Настала очередь и для него обдумывать ситуацию.
8
Старая яранга в конце косы была набита людьми. Алекса пригласили, потому что он свой. Здесь, в этой старой яранге, которую Алекс принимал сначала за склад, семейства Мэчинкы и Джексона Кляуля отметят праздник кита. Этот праздник — один из нескольких в цикле чукотских праздников благодарения и должен продолжаться пять дней, если отмечать по старому обряду, как положено. Но сейчас пять дней никто не даст, люди это понимают — работать надо, время горячее, тут бы хоть один день погулять.
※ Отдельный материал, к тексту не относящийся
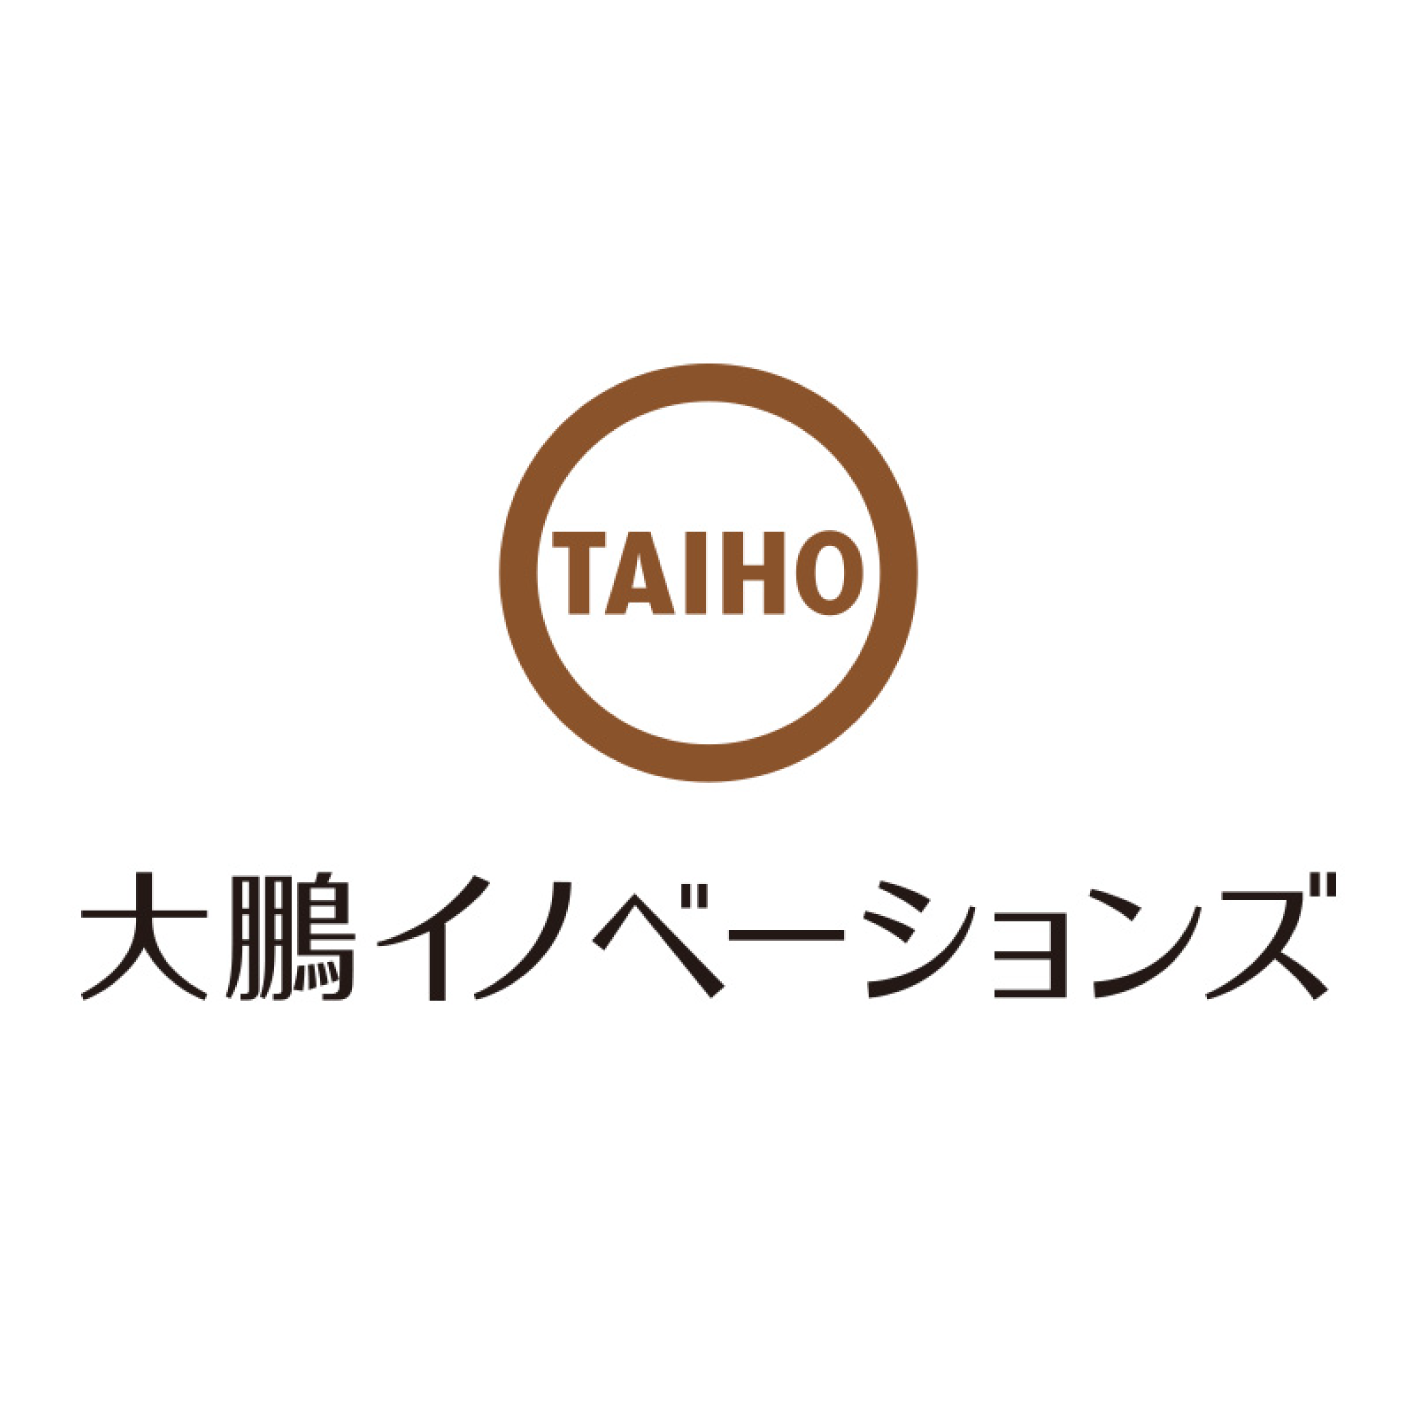 Taiho Innovation LLC

Не для виду, а чтоб не хуже, чем у других.
Женщины внесли шкуру, на которой Алекс успел заметить кусочки китовой кожи, мяса, отщепы китового уса, обрезки хвоста и плавников кита.
Алекс сразу понял нехитрую символику.
— О, о! — зашептали в яранге. — Ремкылин етги! Ремкылин етги![4]
Все собравшиеся обошли вокруг «гостя», затем шкуру подняли и положили на полог. Там, в главном углу, висела связка охранителей — тайныквыт, древних амулетов. Туда же подвесили и маленькое игрушечное весло, оно было разрисовано черным. Краска на нем была еще свежей, ее приготовили из жидкости глаз кита и золы жертвенного очага.
Люди снова завздыхали: «Гость пришел! Гость пришел!» — и закрыли вход в ярангу.
Алекс спокойно всматривался в знакомые торжественные лица. Ему было радостно разделять чужой праздник, он не знал только, чем заслужил это доверие, и волновался.
Но волновались все, и Алекс не догадывался, что ему передалось общее настроение, сейчас все под властью одной идеи, дух кита витает над ними, дух удачи. Мэчинкы тоже запел хриплым голосом, ему вторили остальные, однако песня женщин была отдельной, или это только показалось Алексу — он не помнит…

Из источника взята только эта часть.